The final — held in Overbeck's hometown of Pasadena, California — still holds the record for the highest-ever attendance at a Women's World Cup final when 90,185 people watched the USA defeat China on penalties.
It was the watershed moment for women's football in the US, and a moment that both Australia and New Zealand can look forward to when, exactly one year from now, they co-host the 2023 edition.
"They didn't think we could do it," Overbeck remembered at an event in Sydney this week to mark the occasion.
"Most reporters were nay-sayers. They didn't believe we could fill a giant stadium, that we could fill the Rose Bowl.
"It was just so rewarding to let them know that we had a pretty good product, the world brought their best teams, and it was going to be a great show for the people to watch."
And so it was. Indeed, the interest and investment generated after 1999 arguably laid the foundations for the USA to become the next big superpower in women's football, usurping China who had dominated in the 1980s.
The first boost was at the domestic league level. The '99 World Cup led to the establishment of the world's first professionally paid women's football competition, the Women's United Soccer Association, which featured legendary players such as FIFA Player of the Century Sun Wen, former Matildas captain Cheryl Salisbury, Brazilian icon Sissi and Asia's first and only World Cup winning captain Homare Sawa of Japan.

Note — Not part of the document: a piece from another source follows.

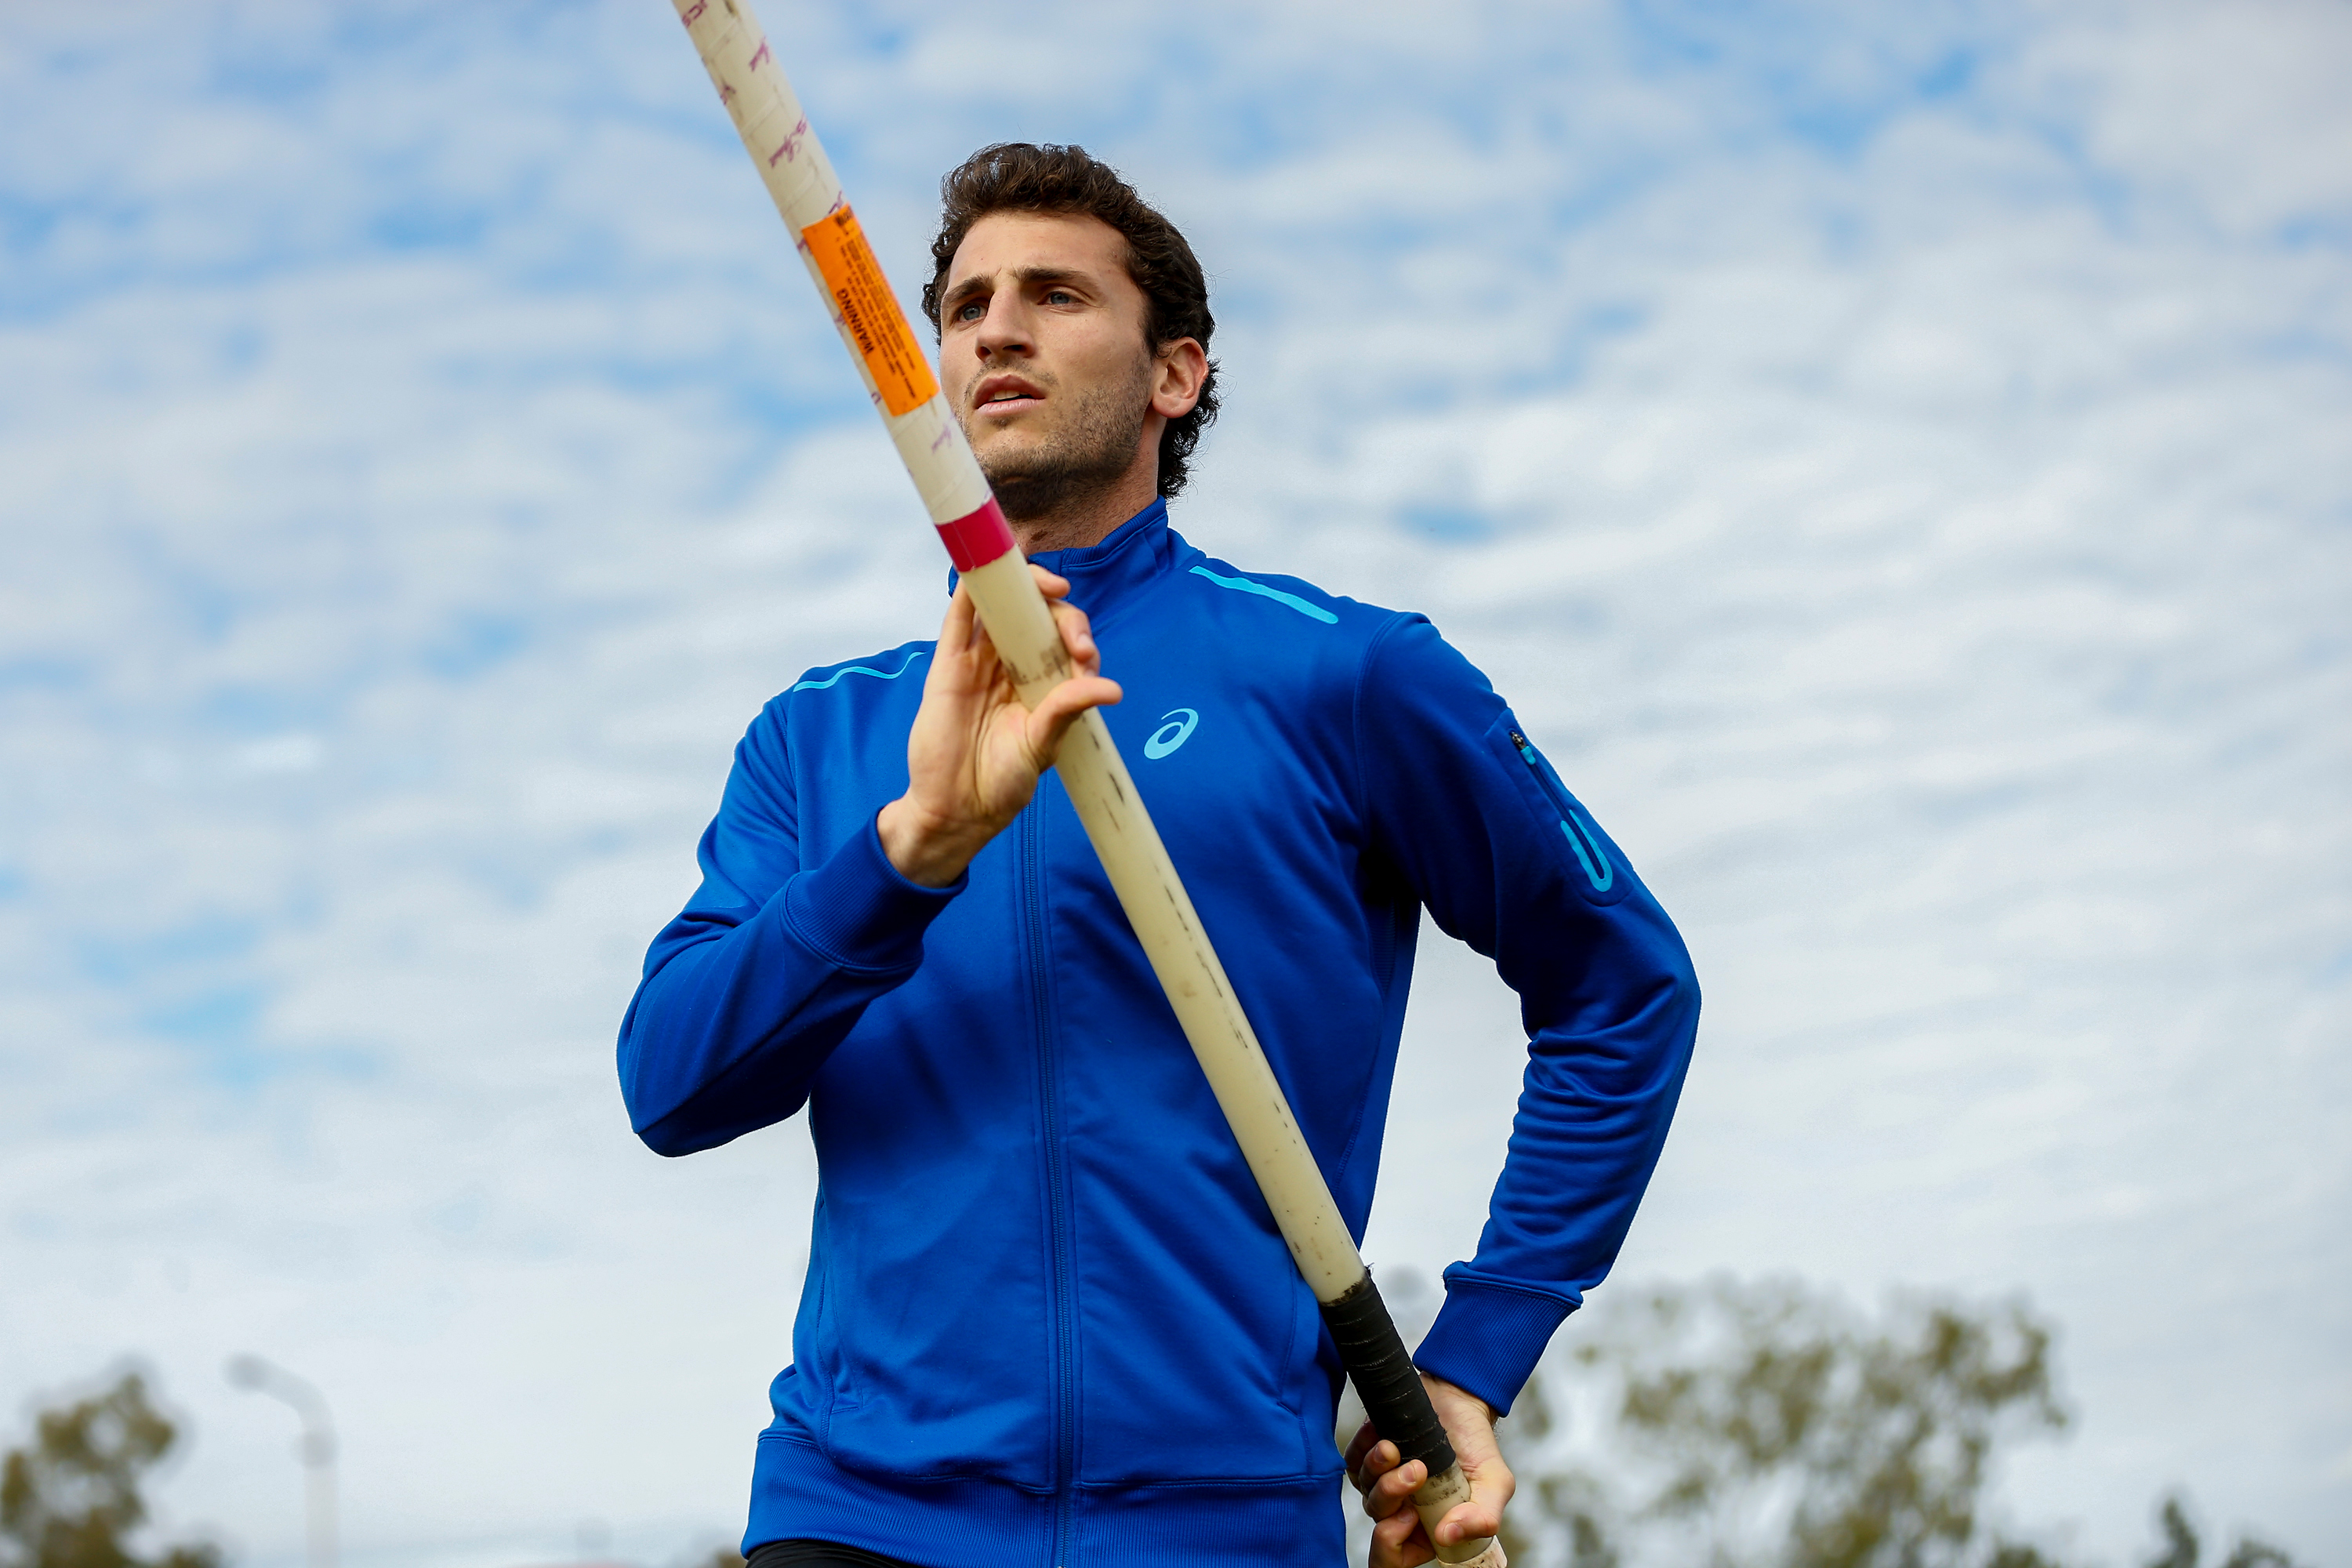 Argentinian pole vaulter Germán Chiaraviglio will not be competing in the Olympics after testing positive for Covid-19.

Although that league folded a few seasons later, it laid the foundations for the National Women's Soccer League, now a decade old and widely regarded as one of the best competitions in the world, where almost all the current US women's national team players ply their trade.
That league also kick-started conversations around paying women athletes for their work, something that inspired the current generation players in their fight for equal pay — including World Cup prize money — which they secured from their federation earlier this year.
"That was a big fight that we had to fight," Overbeck said.
"Our federation, I think, grew a lot with us. It was a bumpy road, for sure, but I think they realised the importance of women and supporting them.
"The game has grown so much. And it's really important that women and young girls know that there's an opportunity for them."
Another boost was further down the pyramid, with the '99 World Cup seeing an historic uptake of the sport by women and girls at lower levels.
The US college system was already well-equipped to capture this influx of participants, thanks to Title IX legislation: a law that ensured equal access for women to facilities and sports programs at government-funded universities.
Almost all of the past and present US women's national team players — including Overbeck — emerged through this development system, creating a second "golden generation" who won back-to-back titles in 2015 and 2019.
"Title IX was huge," Overbeck said. "Even before the '99ers, just what women went through to be able to play. All that added up to what we had.
"They've made great strides since I played, and what the women get now in terms of money and support is amazing."
Australia and New Zealand can learn a lot from the impact hosting a Women's World Cup had on football in the United States.
While it was already one of the biggest participation sports in the country, football struggled to cement itself as a dominant code in the United States' multi-sport landscape. Its professional leagues, development pathways, mainstream media coverage and public cut-through constantly lagged behind "bigger" or more entrenched codes.
But, by capitalising on the enthusiasm and investment of the 1999 tournament, funnelling funds into creating new competitions, youth national team programs, grassroots and community facilities, professional opportunities and growing the mainstream profile of its athletes, women's football in the US has flourished.
"The US was behind Europe and all these other countries, as well as having to compete with basketball, American football, baseball," Overbeck said.
Football Australia and the 2023 Women's World Cup team are counting on it.
As part of Wednesday's One Year To Go event, organisers announced an initiative entitled "Unity Pitch", which symbolises FIFA's ongoing, multi-million-dollar investment into much-needed facilities — such as upgraded training sites, community fields and inclusive change-rooms — in order to capture the expected three-fold increase in registrations post-2023.
Football Australia has already secured $230 million in funding from state and federal governments as part of the "Legacy '23" program, where facilities — as well as leadership, tourism and participation — are key pillars.
Australia's top-flight women's competition — the A-League Women — has already begun expanding its season season and adding more teams as it heads towards full-time professionalism, while media coverage and public engagement with women's football continues to grow, thanks to the blossoming profile of the Matildas and the wider rising tide of women's sport.
The women's game is already light-years beyond where it was when players such as Overbeck, Wen, Salisbury and Sissi were playing. It has proven it can fill stadiums, draw billions of television viewers, attract bespoke sponsorship, and crack into mainstream consciousness.
With all the right pieces in place exactly one year from now, just imagine how much further it could go.